Il ricordo di Maria Chindamo è sempre forte nella mente delle persone che l’hanno amata, vissuta, apprezzata. E dal 2017, ogni anno, il 6 maggio, ci si riunisce in contrada Montalto, nel Comune di Limbadi, all’entrata della sua azienda agricola, luogo in cui si persero le tracce. Nessun corpo mai ritrovato, nessuna certezza sulle modalità della sua sorte, solo dolore e rabbia. Quelli dei familiari dell’imprenditrice originaria di Laureana di Borrello: la madre, il fratello Vincenzo e i figli, animati dallo spirito, incrollabile, di avere giustizia, di conoscere e vedere condannati i responsabili della sua scomparsa.
Una ferita ancora aperta
Una ferita ancora aperta
Una lupara bianca che è una ferita ancora tanto aperta, insopportabile da vivere. E questa mattina, a fianco ai congiunti di Maria Chidamo, anche tanti giovani alla manifestazione indetta da Libera. E ancora, la presenza istituzionale della vicepresidente della Regione, Giusy Princi, del vescovo Attilio Nostro, del sindaco di Limbadi, Pantaleone Mercuri, del consigliere regionale del Pd, Raffaele Mammoliti, e delle vittime di mafia come ad esempio Carmine Zappia, ma anche i Vinci-Scarpulla, genitori di Matteo Vinci, fatto saltare in aria poco distante da contrada Montalto.

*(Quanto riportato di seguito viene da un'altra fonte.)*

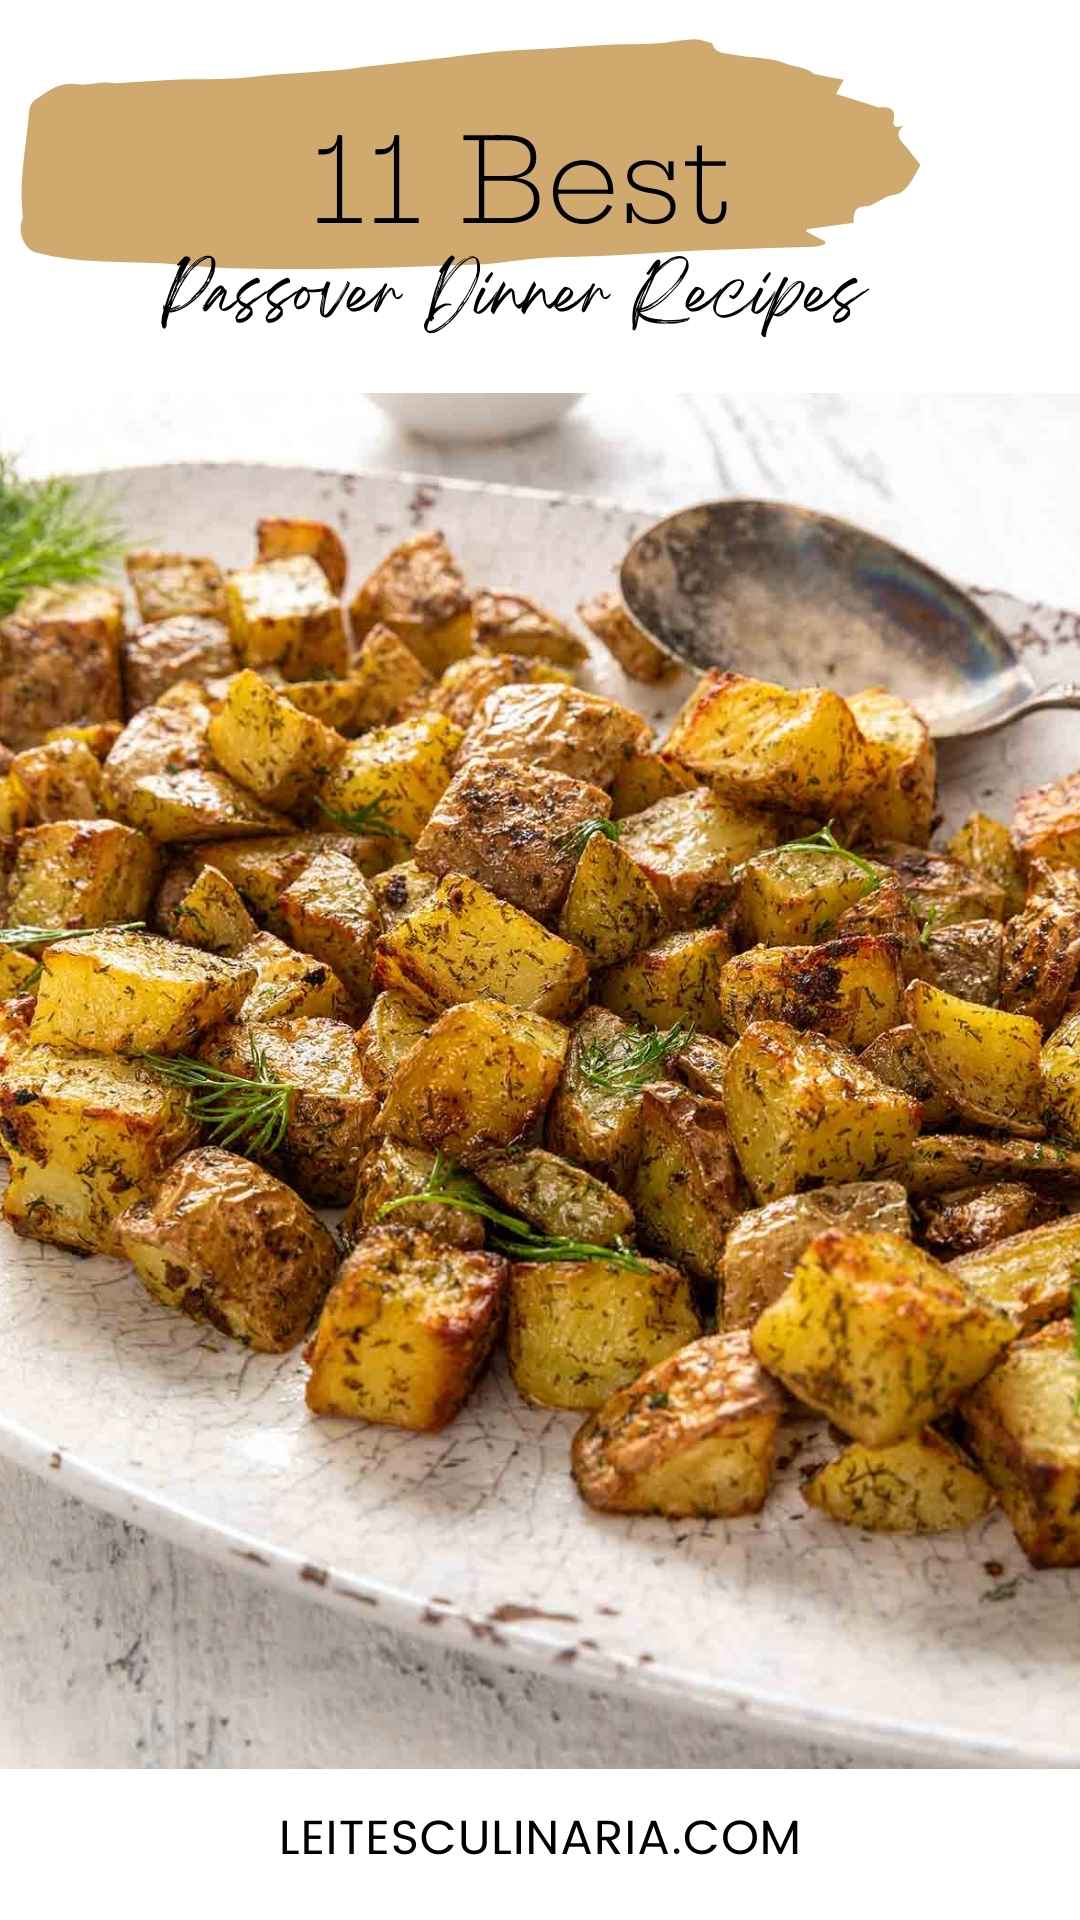 A platter of roasted potatoes garnished with dill.
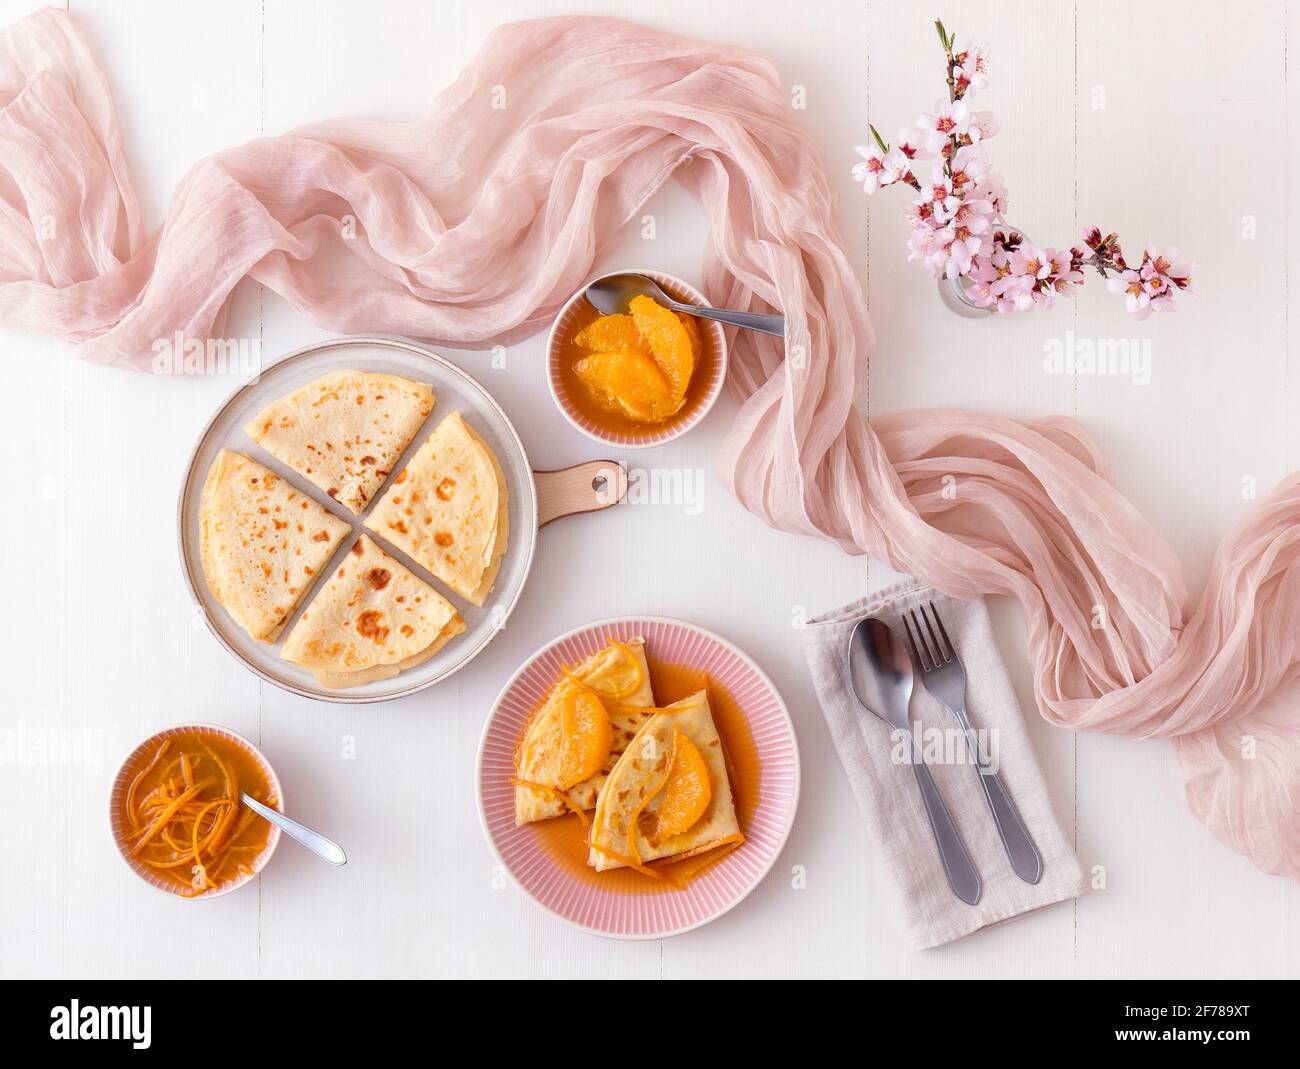 Pancakes Suzette, French traditional dessert. Pancakes with oranges. White wooden table. Top down view. Stock Photo

Il ricordo commosso del fratello
Toccanti le parole di Vincenzo Chindamo che ha ricordato il coraggio dell’amata sorella sottolineando come la sua figura sia ancora nei cuori delle persone perbene e aggiungendo che non smetterà mai di lottare per arrivare alla verità. Il coordinatore provinciale di Libera, Giuseppe Borrello, ha posto l’accento, tra le altre cose, sull’importanza dei collaboratori di giustizia a svelare quanto conoscano sulla vicenda e invitato la popolazione ad avere un cambio di passo nel nome della legalità, accogliendo il reiterato appello lanciato dal procuratore Camillo Falvo e dalle forze dell’ordine, presenti tra l’altro stamani all’evento. (f.p.)